Comment 11 Mark Goodwin 2009-07-24 06:48:23 UTC

NEC disabled the raidsrv daemon on their RHEL5.4-beta test box
and this made no difference. So much for that theory ... I have
asked for scsi_scan debugging to be enabled and to send the logs.

-- Mark

Comment 12 bo yang 2009-07-24 13:57:26 UTC

I am in testing the tape drive.  I will give update soon.

Comment 13 Tom Coughlan 2009-07-27 22:19:25 UTC

Created attachment 355325 [details]
This patch suppose to fix the tape drive issue which reported by NEC.  

This is a copy of comment: 
 
https://bugzilla.redhat.com/show_bug.cgi?id=475574#c52

That BZ is for the general driver update. That code is checked in. The BZ should stay in its current state.
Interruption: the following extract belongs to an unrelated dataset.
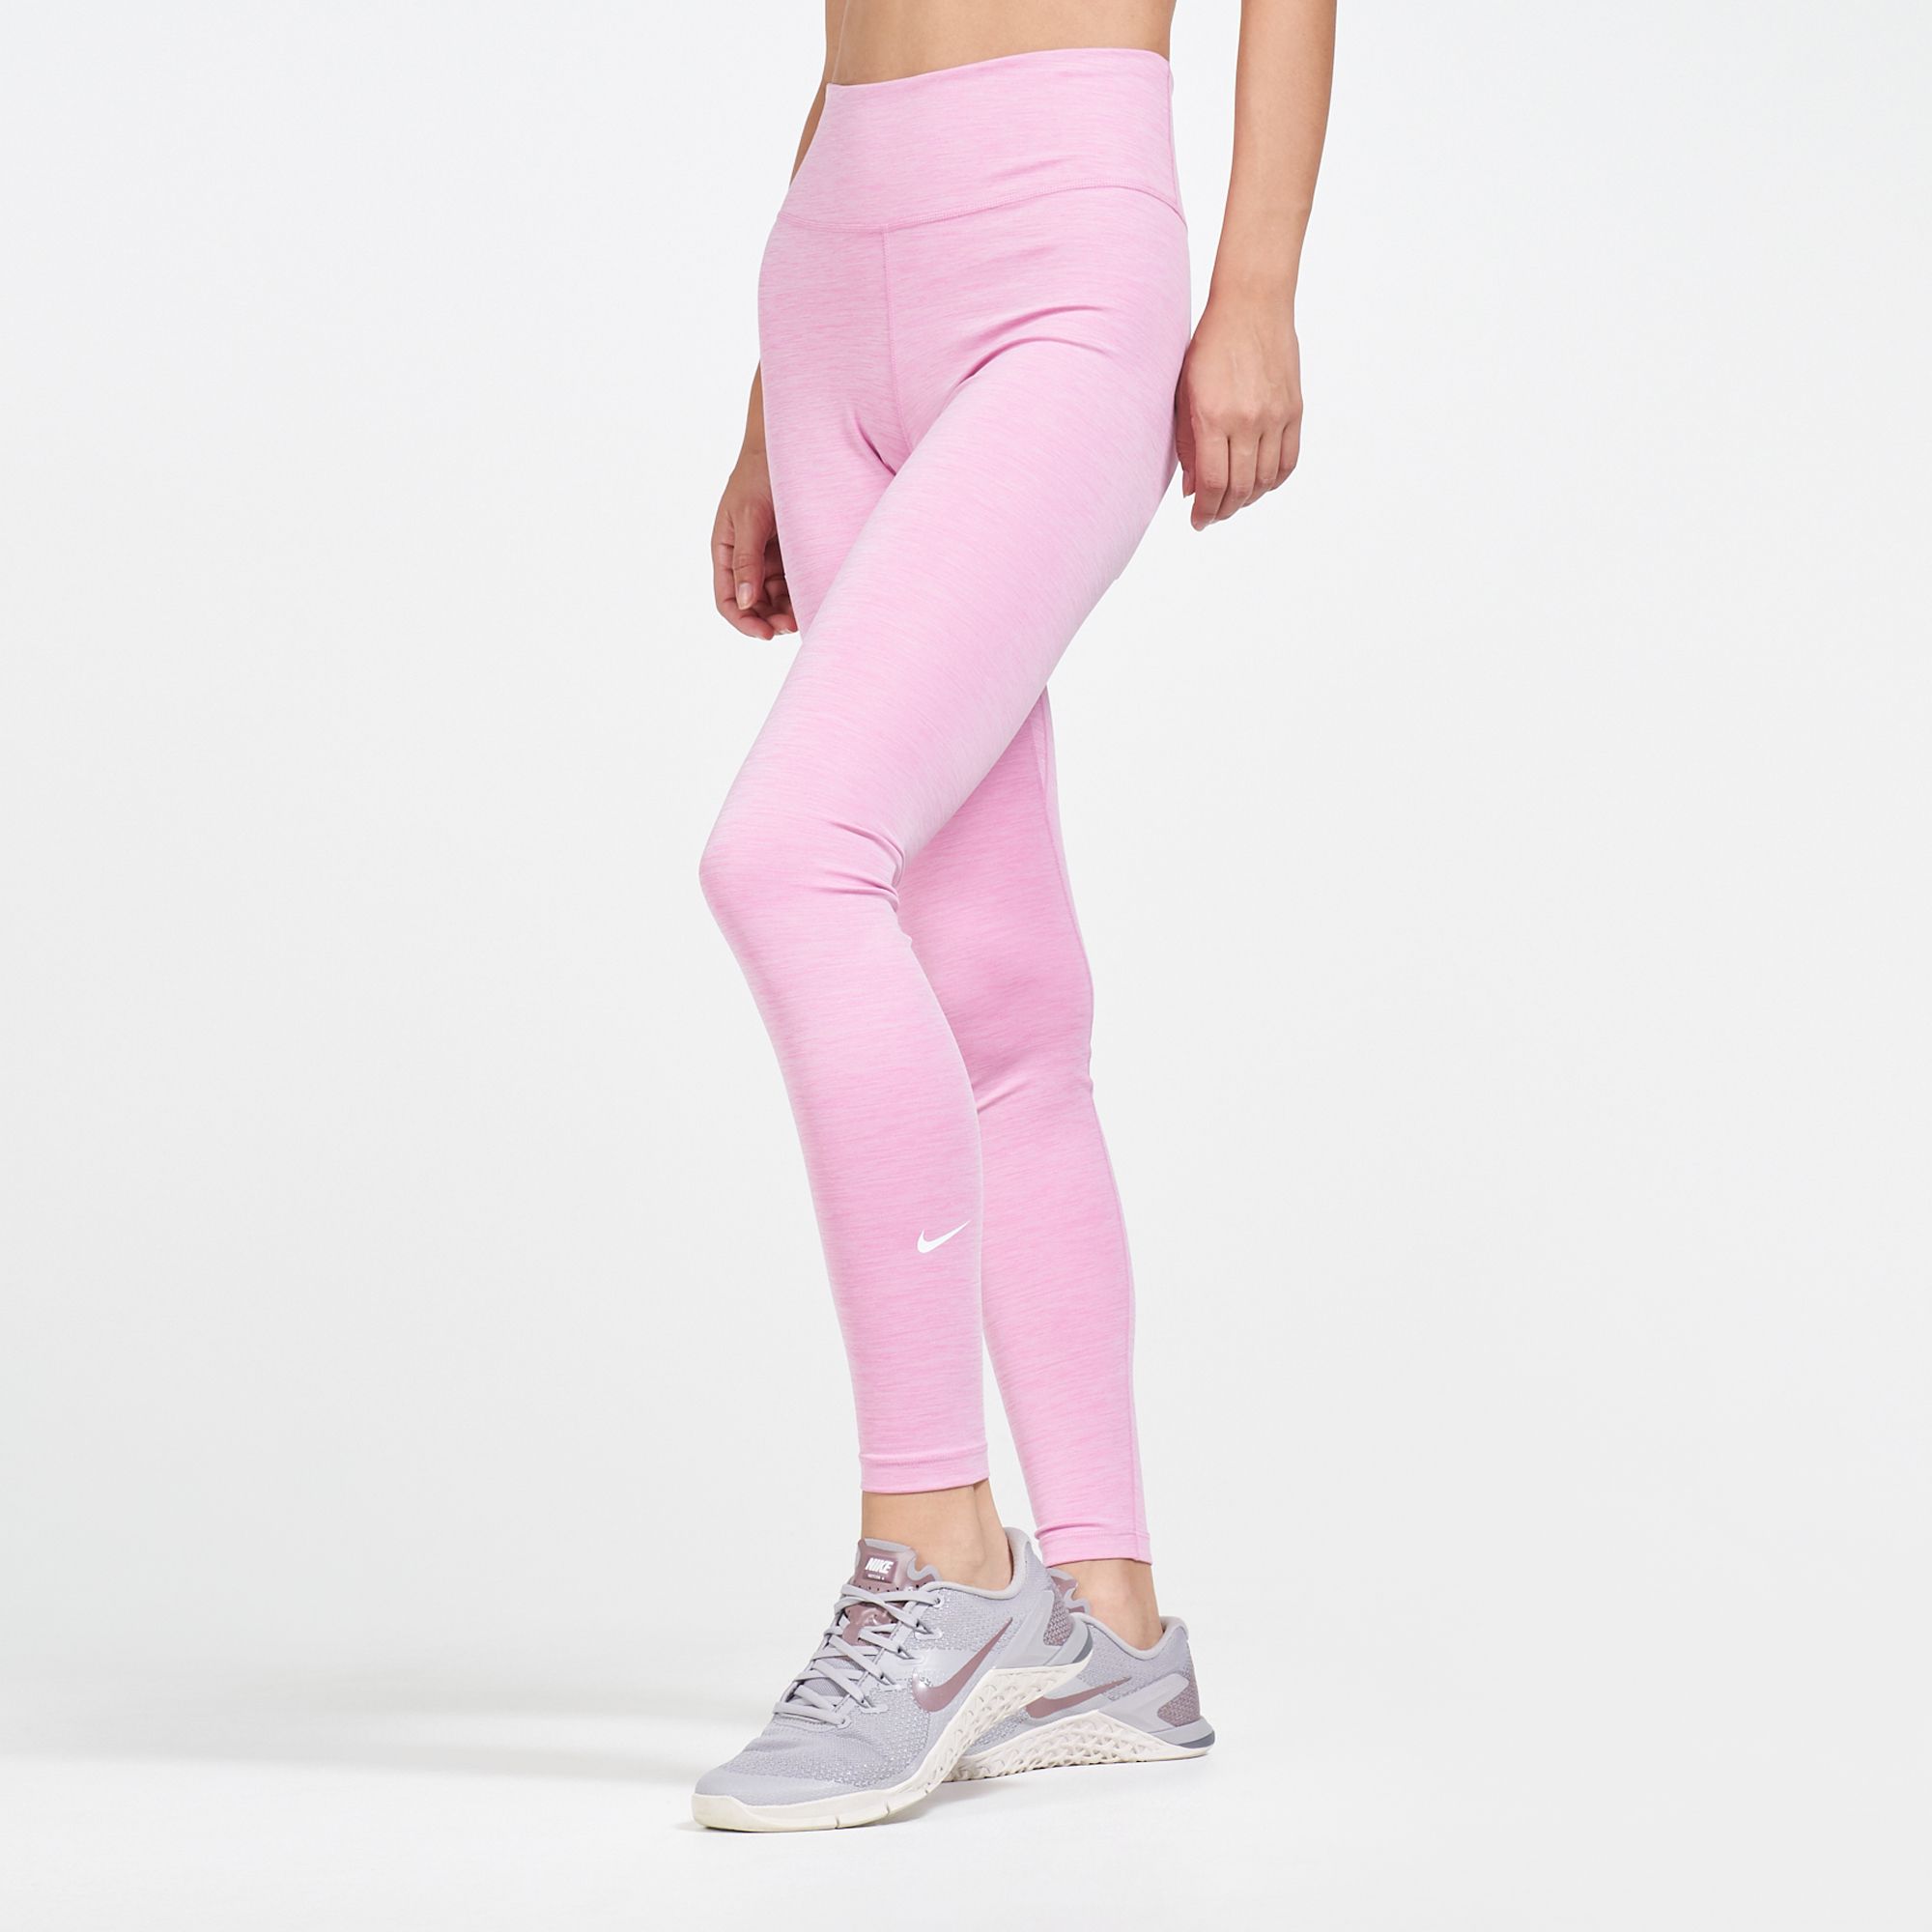 pink and grey nike leggings

This BZ is for the problem scanning tape drives seen with the driver update.

Comment 14 Mark Goodwin 2009-07-27 23:48:14 UTC

A test kernel with Bo's patch was brewed yesterday and made available to
the customer: http://people.redhat.com/~mgoodwin/BZ510665

This is going on over in the IT ticket. I'll update here as soon as we
have test results, hopefully today sometime.

Thanks
-- Mark Goodwin

Comment 15 Mark Goodwin 2009-07-28 06:45:30 UTC

Tom, the customer has verified the test kernel with Bo Yang's patch fixes
the issue reported in this BZ, i.e. the tape is now correctly discovered.
They are now running additional tests to verify nothing else has regressed.

So, as far as managing this BZ goes, it's over to engineering, PM and QA
to decide the fate of the fix for RHEL5.4. I have set CustomerVerified.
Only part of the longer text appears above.